But the NEAT algorithm fails to determine that these structures are the same. When one of the parents scores higher than the other, it's not a problem. But when the parents have the same fitness, we have a problem.
Because the paper states:
In composing the offspring, genes are randomly chosen from veither parent at matching genes, whereas all excess or disjoint genes are always included from the more fit parent, or if they are equally fit, from both parents.
So if the parents are equally fit, the offspring will have connections [0, 2, 3, 4, 5]. Which means that some nodes have double connections... Removing global innovation counters, and just assign id's by looking at node_in and node_out, you avoid this problem.
So when you have equally fit parents, yes you have optimized the algorithm. But this is almost never the case.
Quite interesting: in the newer version of the paper, they actually removed that bolded line! Older version here.

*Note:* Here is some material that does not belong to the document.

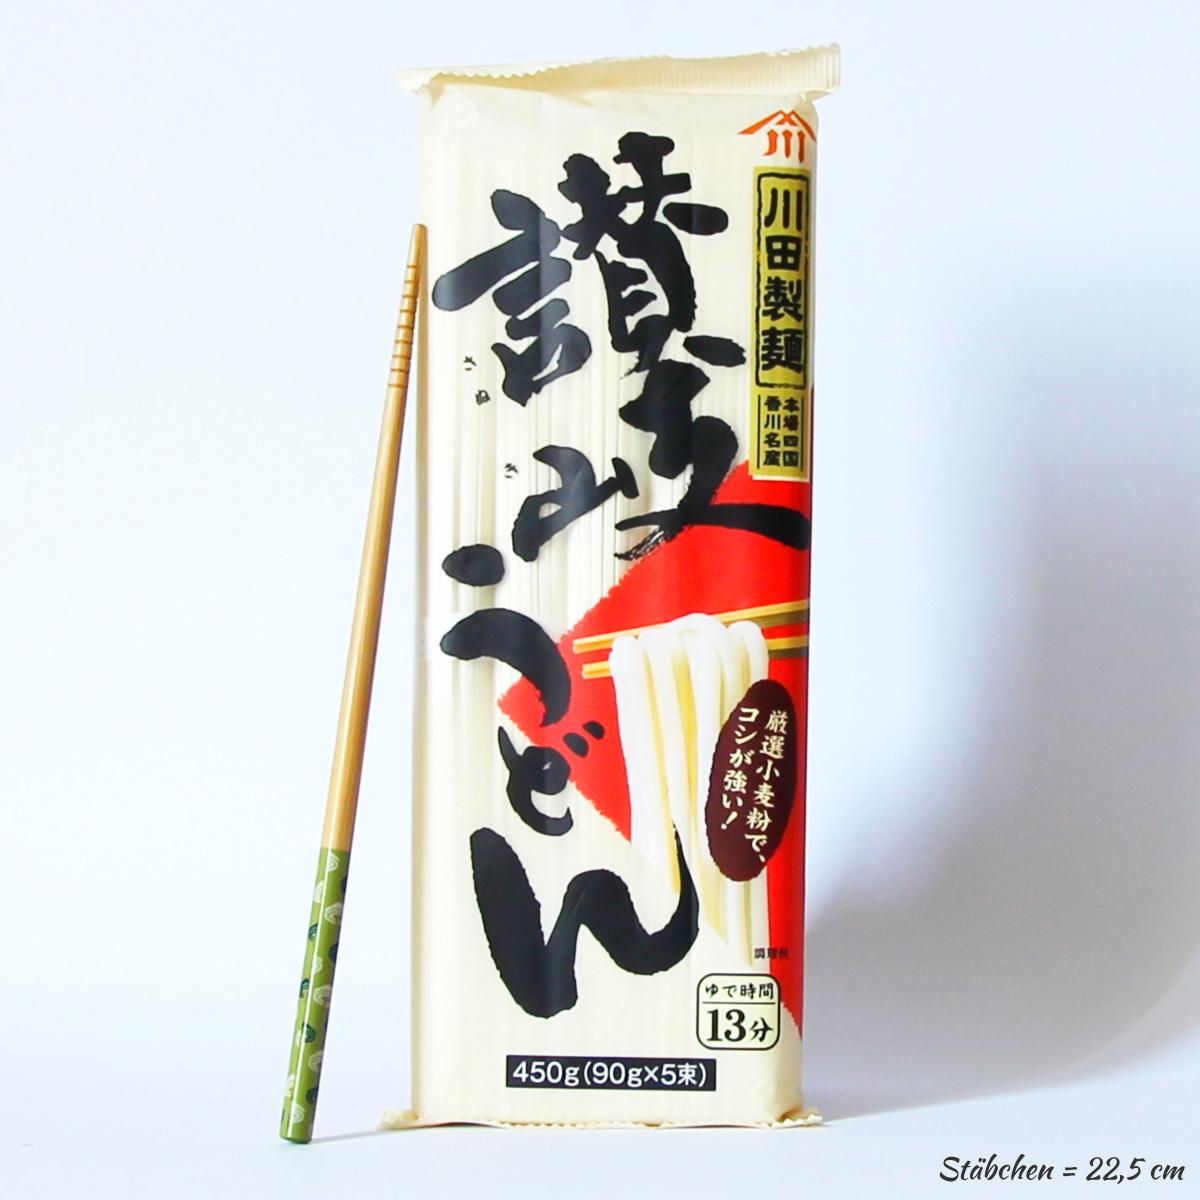 Udon Nudeln 450g (5 Portionen Sanuki Udon), NISSHIN
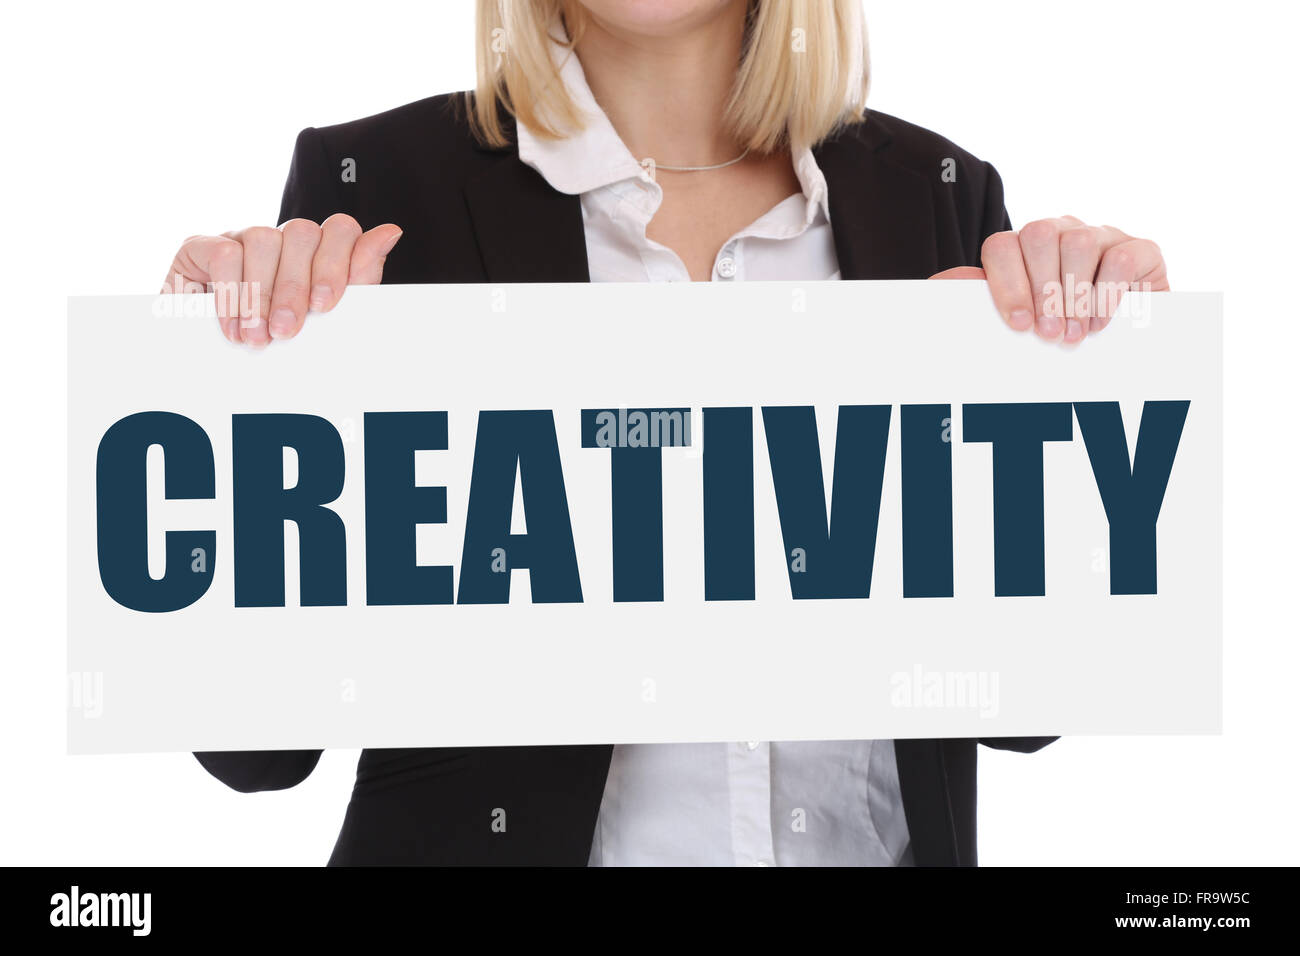 Creativity creative imagine imagination thinking ideas success successful business concept inspiration - Stock Image

By the way, you can solve this problem by instead of assigning innovation ID's, assign ID based on node_in and node_out using pairing functions. This creates quite interesting neural networks when fitness is equal:
I can't provide a detailed answer, but the innovation number enables certain functionality within the NEAT model to be optimal (like calculating the species of a gene), as well as allowing crossover between the variable length genomes. Crossover is not necessary in NEAT, but it can be done, due to the innovation number.
I got all my answers from here:
http://nn.cs.utexas.edu/downloads/papers/stanley.ec02.pdf
It's a good read
During crossover, we have to consider two genomes that share a connection between the two same nodes in their personal neural networks. How do we detect this collision without iterating both genome's connection genes over and over again for each step of crossover? Easy: if both connections being examined during crossover share an innovation number, they are connecting the same two nodes because they received that connection from the same common ancestor.
Easy Example:
If I am a genome with a specific connection gene with innovation number 'i', my children that take gene 'i' from me may eventually cross over with each other in 100 generations. We have to detect when these two evolved versions (alleles) of my gene 'i' are in collision to prevent taking both. Taking two of the same gene would cause the phenotype to probably loop and crash, killing the genotype.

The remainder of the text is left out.